● WHAT YOU NEED TO DO: Would you write out each line of the material below exactly, skipping every picture?

● SUPPLIED MATERIAL:
"""
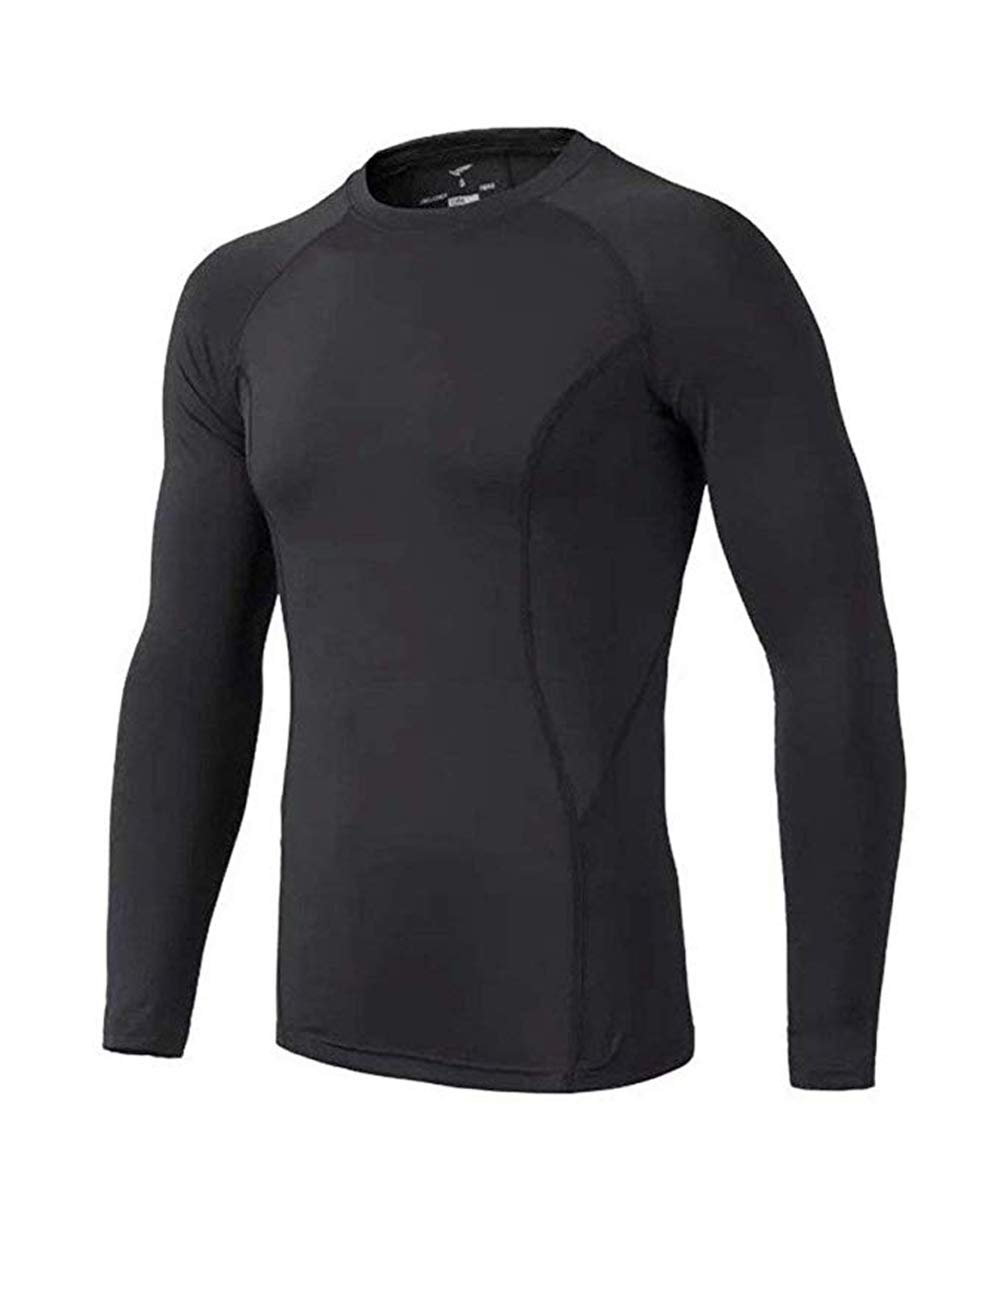 BUYKUD Kids' Boys Long Sleeve Base Layer Compression Underwear Athletic Shirt Tights Top & Bottom Set 2
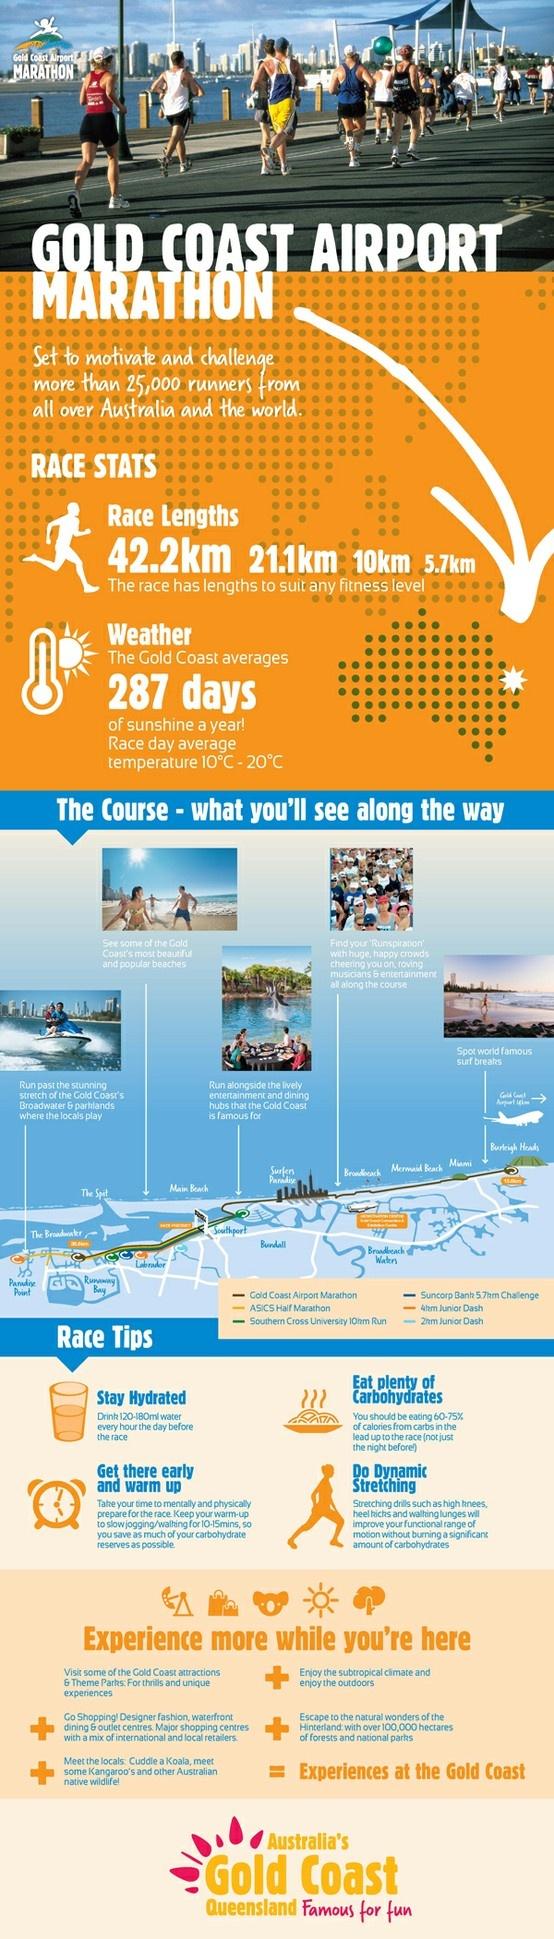 Gold Coast Airport Marathon Fast Facts #infographic #event #goldcoast
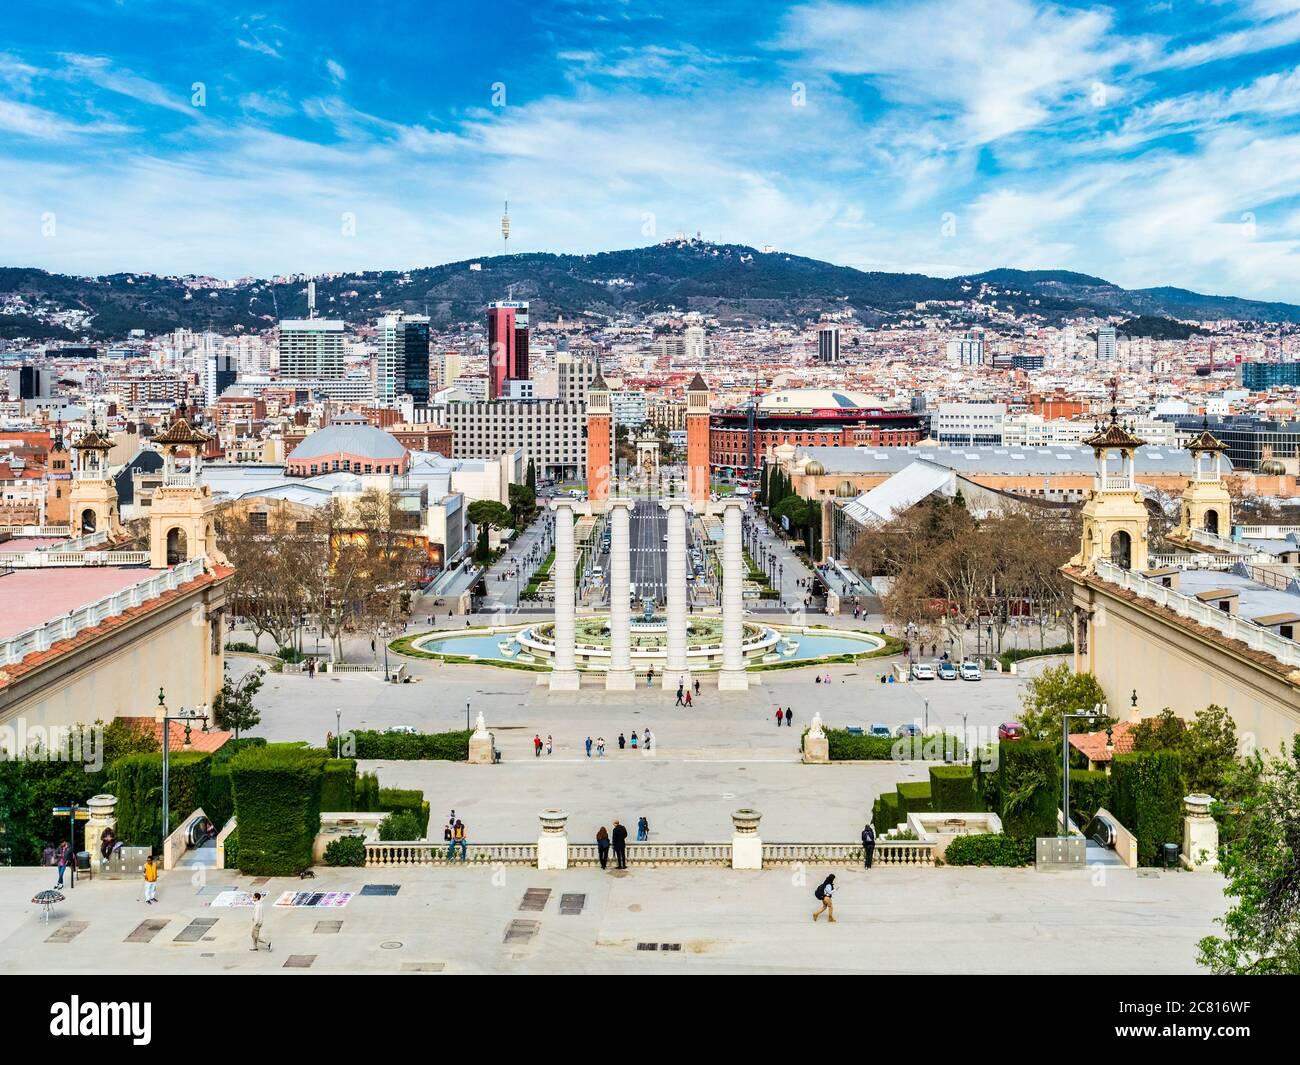 4. März 2020: Barcelona, Spanien - Blick auf Barcelona vom Nationalen Kunstmuseum Kataloniens in Richtung Plaça d'Espanya. Stockfoto
"""
● ANSWER SECTION:
 BUYKUD Kids' Boys Long Sleeve Base Layer Compression Underwear Athletic Shirt Tights Top & Bottom Set 2
 Gold Coast Airport Marathon Fast Facts #infographic #event #goldcoast
 4. März 2020: Barcelona, Spanien - Blick auf Barcelona vom Nationalen Kunstmuseum Kataloniens in Richtung Plaça d'Espanya. Stockfoto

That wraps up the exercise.